Hello! I am trying to annotate named entities that are not contiguous and may overlap. Examples might be: "Type 1 and Type 2 diabetes" => {"Type1 diabetes", "Type2 diabetes"}, or "database design, development, and support" => {"database design", "database development", "database support"}.
Hi! Non-contiguous and potentially overlapping spans can definitely be a little tricky, especially if you want the annotation process to be clear and efficient.
One option could be to just model this as a relation annotation task instead of span annotation and only focus on connecting tokens with the given entity label. For example, in your case, you would annotate "Type" + "1" → "diabetes" and "Type" + "2" → "diabetes". This way, a token or entity fragment can be part of multiple spans of different types and it'll be clearly visualised in the UI with different colours.

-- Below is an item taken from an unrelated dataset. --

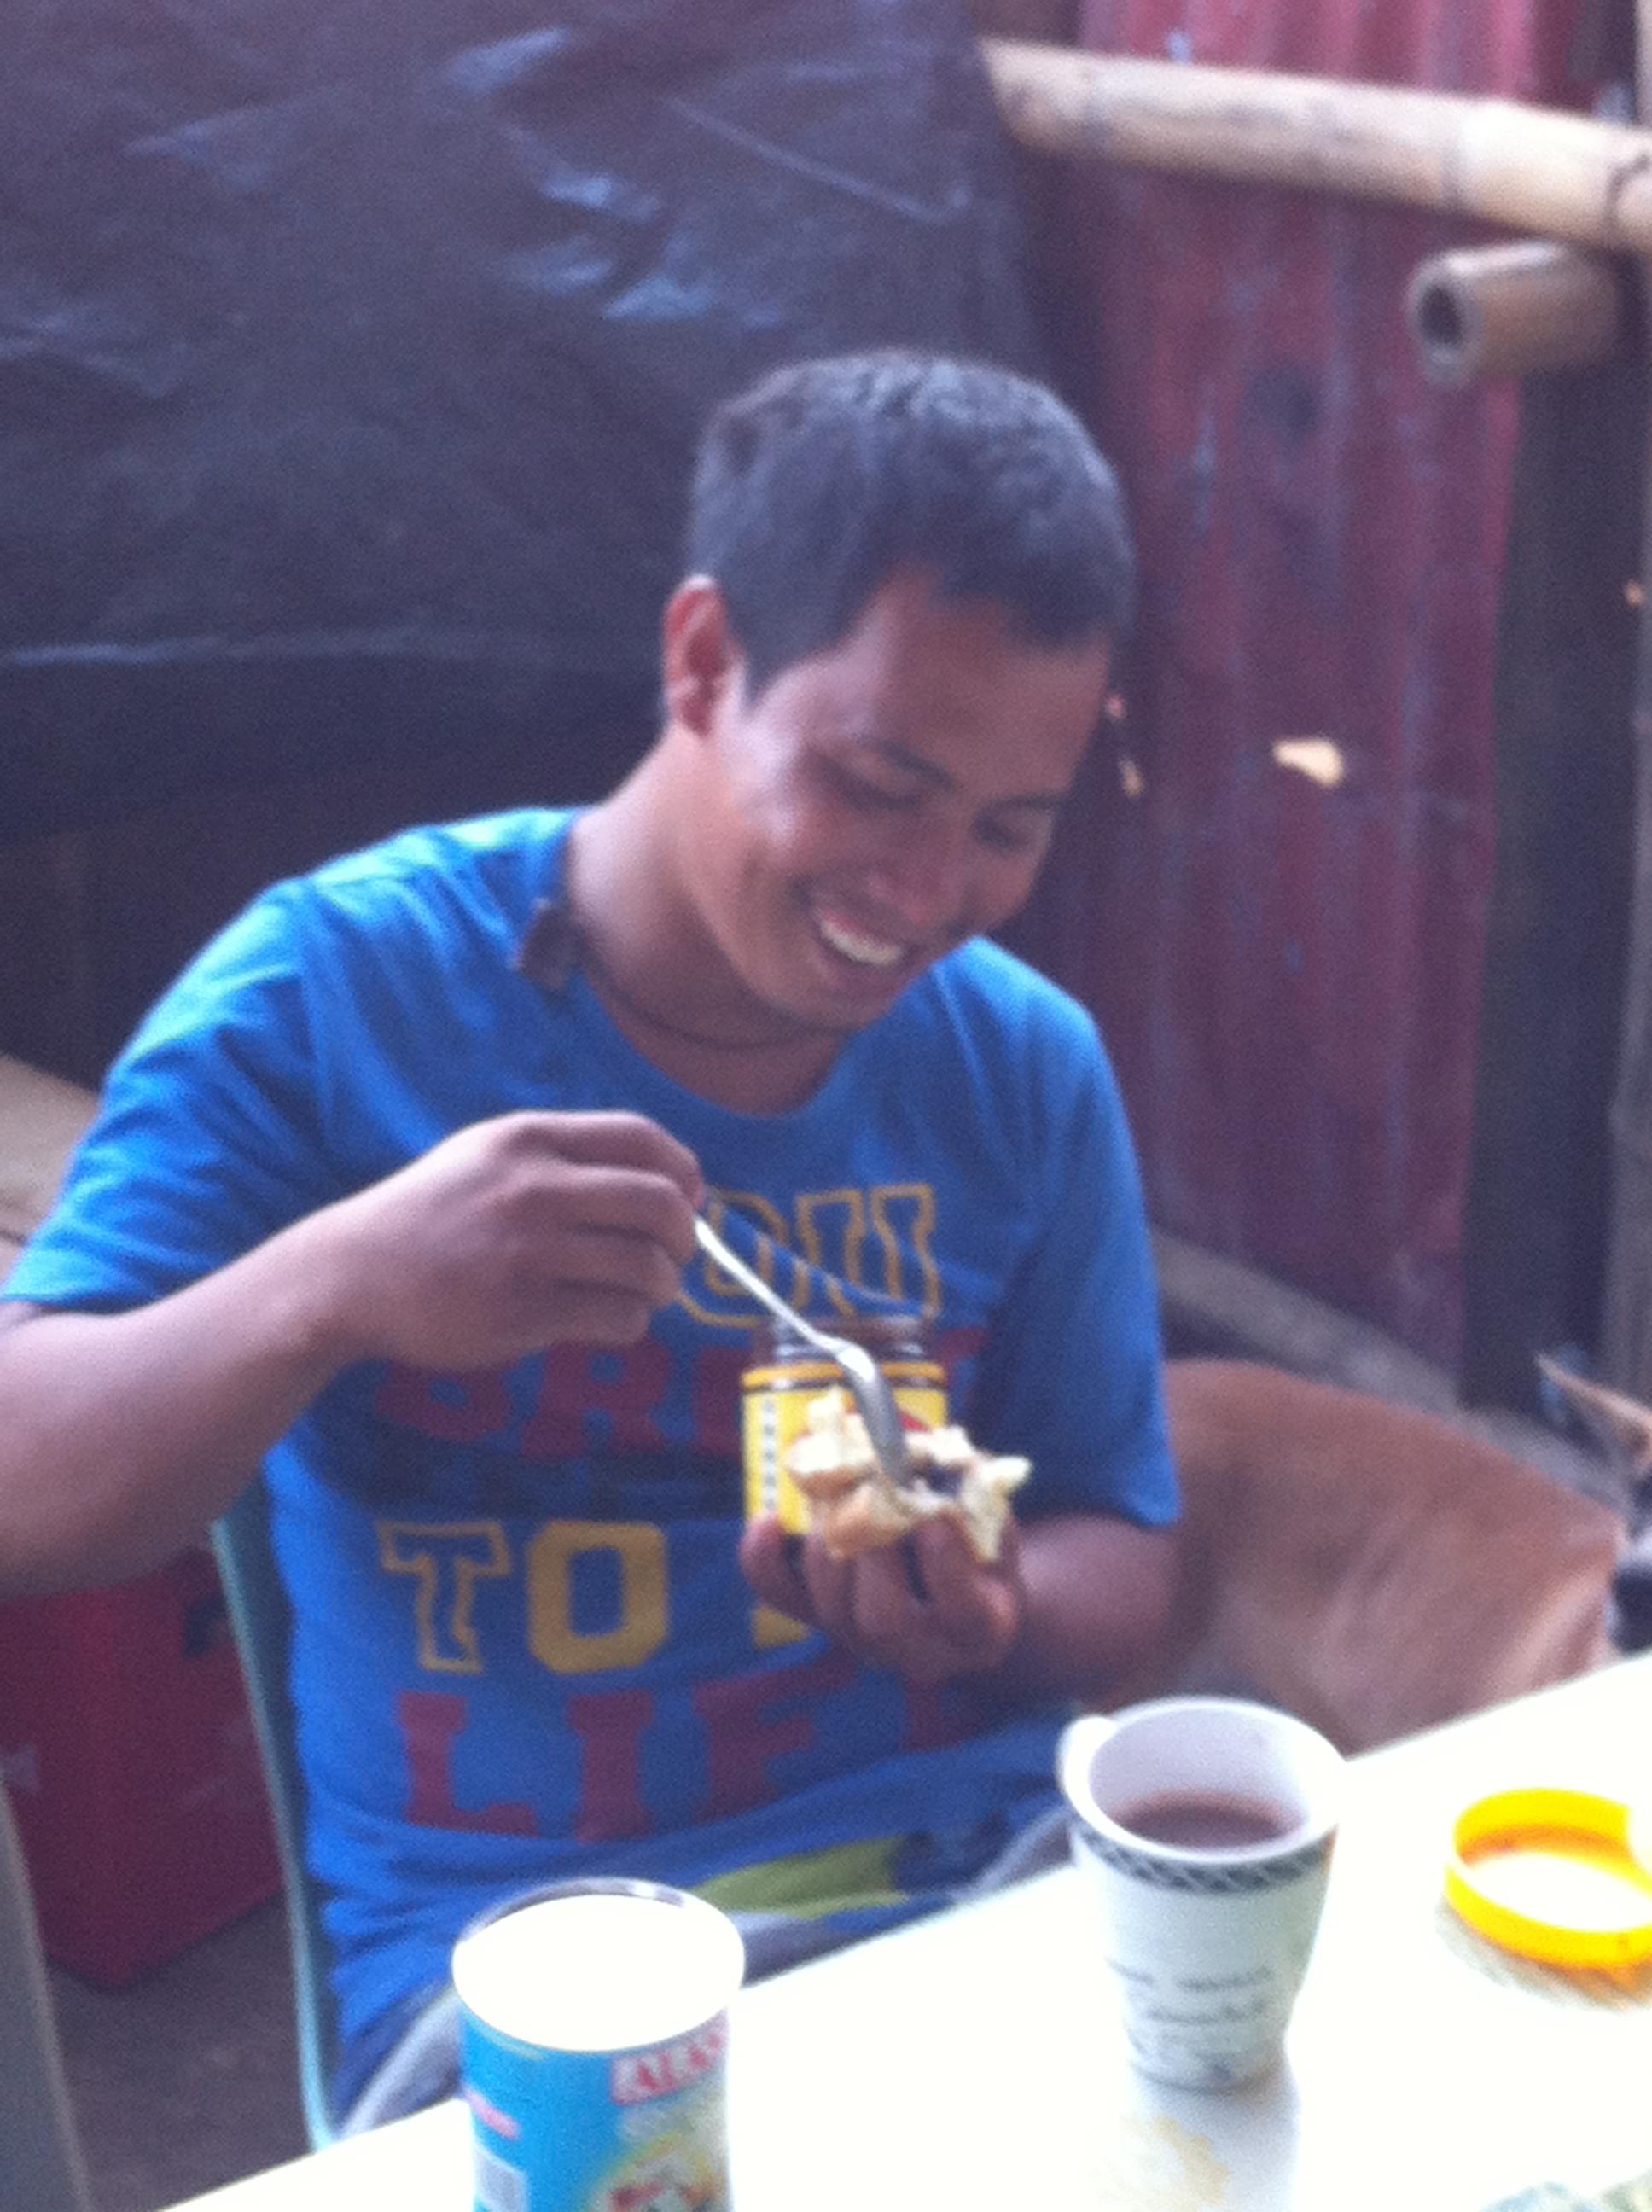 Jon Marc, the only Philippino who likes vegemite.

Sorry if this sounds a bit abstract – but I made a quick example Initially, your sentence would look like this:
To merge expressions like "Type 1" that are part of the non-contiguous span, you can use the span highlighting mode. I used the label X here because the label doesn't matter – we'll be annotating that at the relation level so that fragments can be part of multiple, potentially different entity types if needed:
The resulting JSON data (see here for an example) will include each annotated relations and the two fragments they connect, with their token indices and offsets into the text, as well as the label. This should make it pretty easy to export the information in the format you're looking for.
The only constructions that would be difficult to express with this approach are cases where you have nested expressions that you want to treat as separate entities (e.g. "Type 2 diabetes" and "Type 2 diabetes research") – but I'm not even sure that this actually makes sense conceptually.